## Your assignment
From the data below, return the exact lines starting at the line containing "Artwork of a" and ending at the line containing "Golden Goose - Super-Star", both included, and nothing else.

## Records provided
▬▬▬▬▬▬▬▬▬▬

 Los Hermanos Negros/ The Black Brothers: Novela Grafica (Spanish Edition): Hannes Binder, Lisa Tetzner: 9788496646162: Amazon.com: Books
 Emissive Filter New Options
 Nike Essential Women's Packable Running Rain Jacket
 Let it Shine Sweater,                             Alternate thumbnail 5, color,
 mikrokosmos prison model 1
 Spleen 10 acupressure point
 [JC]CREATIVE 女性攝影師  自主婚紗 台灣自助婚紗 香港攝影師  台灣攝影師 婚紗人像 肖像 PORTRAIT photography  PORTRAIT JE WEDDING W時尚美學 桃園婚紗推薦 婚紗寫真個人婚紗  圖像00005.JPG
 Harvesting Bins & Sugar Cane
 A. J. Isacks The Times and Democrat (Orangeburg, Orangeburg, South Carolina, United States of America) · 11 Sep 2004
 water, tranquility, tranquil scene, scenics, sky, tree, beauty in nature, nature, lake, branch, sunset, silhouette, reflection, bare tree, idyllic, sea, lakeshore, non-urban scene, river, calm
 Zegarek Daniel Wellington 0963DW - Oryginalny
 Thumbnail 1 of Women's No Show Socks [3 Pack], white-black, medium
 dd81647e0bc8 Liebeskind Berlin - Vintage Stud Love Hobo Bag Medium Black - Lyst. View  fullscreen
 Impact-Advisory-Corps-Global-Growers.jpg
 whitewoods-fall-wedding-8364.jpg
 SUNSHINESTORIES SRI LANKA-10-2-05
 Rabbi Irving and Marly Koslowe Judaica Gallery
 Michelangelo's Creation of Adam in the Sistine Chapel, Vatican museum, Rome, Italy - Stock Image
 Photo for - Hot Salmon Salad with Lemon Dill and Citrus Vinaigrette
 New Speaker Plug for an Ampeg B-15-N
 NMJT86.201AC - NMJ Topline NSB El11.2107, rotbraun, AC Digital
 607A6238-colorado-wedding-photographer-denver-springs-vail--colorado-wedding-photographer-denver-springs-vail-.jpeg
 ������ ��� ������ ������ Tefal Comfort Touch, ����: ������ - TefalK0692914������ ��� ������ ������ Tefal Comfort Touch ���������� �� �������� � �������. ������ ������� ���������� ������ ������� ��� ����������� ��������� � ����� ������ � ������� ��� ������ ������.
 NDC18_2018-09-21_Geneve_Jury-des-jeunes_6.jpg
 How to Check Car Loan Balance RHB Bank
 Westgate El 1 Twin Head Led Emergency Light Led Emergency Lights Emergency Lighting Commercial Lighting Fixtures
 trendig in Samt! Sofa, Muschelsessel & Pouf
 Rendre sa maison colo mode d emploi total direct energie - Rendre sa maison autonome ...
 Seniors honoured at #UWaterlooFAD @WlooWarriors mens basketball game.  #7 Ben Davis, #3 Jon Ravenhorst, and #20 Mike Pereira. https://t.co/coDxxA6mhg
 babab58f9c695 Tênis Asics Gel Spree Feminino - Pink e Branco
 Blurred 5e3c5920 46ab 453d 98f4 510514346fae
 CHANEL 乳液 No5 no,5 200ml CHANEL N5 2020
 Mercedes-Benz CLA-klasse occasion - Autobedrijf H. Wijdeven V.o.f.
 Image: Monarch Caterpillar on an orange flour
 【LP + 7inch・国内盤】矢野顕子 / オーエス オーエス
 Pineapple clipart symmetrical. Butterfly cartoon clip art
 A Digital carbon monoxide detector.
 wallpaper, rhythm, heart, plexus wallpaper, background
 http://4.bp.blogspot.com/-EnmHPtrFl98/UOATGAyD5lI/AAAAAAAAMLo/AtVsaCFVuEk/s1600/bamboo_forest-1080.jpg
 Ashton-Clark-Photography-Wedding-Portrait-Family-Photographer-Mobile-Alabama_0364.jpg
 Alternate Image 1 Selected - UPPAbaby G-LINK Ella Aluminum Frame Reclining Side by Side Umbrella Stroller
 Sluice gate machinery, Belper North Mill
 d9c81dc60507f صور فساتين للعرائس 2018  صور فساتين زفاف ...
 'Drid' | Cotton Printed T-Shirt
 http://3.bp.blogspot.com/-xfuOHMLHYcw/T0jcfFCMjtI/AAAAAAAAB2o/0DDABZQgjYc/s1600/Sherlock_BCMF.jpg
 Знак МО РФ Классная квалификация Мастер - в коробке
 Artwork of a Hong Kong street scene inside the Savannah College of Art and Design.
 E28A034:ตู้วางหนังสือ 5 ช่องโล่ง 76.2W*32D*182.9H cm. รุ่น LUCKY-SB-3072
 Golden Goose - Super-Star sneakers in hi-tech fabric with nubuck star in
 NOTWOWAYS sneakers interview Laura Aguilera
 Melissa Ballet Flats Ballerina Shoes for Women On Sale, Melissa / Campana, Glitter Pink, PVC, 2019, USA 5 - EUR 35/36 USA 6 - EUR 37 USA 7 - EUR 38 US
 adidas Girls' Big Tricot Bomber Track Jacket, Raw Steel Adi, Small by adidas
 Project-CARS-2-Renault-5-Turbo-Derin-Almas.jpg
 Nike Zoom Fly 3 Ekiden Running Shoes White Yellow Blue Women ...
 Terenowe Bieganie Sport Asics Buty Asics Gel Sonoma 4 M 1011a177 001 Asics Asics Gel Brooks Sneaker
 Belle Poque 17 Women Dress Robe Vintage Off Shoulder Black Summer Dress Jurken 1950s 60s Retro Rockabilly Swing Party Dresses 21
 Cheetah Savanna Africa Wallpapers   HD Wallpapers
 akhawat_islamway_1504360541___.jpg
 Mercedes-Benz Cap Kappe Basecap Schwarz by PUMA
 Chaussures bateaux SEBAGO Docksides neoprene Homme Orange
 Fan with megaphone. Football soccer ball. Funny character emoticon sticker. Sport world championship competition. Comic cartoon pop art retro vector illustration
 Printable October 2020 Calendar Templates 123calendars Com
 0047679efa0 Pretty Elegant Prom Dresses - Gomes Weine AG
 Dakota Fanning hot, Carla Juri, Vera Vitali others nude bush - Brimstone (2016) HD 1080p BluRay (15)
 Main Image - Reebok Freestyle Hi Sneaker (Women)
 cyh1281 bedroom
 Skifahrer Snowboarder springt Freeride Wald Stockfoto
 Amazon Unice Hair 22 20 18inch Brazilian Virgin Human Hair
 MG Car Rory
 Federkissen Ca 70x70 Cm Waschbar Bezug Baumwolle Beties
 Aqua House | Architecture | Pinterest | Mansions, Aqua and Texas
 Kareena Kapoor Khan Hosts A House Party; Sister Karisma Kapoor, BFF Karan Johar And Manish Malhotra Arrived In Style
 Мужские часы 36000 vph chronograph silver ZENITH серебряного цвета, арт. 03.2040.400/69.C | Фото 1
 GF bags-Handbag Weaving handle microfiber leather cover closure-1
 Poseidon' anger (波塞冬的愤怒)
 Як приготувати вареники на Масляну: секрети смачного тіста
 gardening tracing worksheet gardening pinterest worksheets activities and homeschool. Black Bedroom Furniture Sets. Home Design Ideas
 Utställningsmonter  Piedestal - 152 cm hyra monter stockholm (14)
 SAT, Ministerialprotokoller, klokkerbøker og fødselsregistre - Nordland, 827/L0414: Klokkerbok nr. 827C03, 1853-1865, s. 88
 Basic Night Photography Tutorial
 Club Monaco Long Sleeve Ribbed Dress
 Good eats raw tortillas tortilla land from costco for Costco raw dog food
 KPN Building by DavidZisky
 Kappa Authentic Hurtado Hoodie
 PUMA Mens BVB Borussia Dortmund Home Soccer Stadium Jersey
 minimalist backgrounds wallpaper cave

▬▬▬▬▬▬▬▬▬▬

## Reply
 Artwork of a Hong Kong street scene inside the Savannah College of Art and Design.
 E28A034:ตู้วางหนังสือ 5 ช่องโล่ง 76.2W*32D*182.9H cm. รุ่น LUCKY-SB-3072
 Golden Goose - Super-Star sneakers in hi-tech fabric with nubuck star in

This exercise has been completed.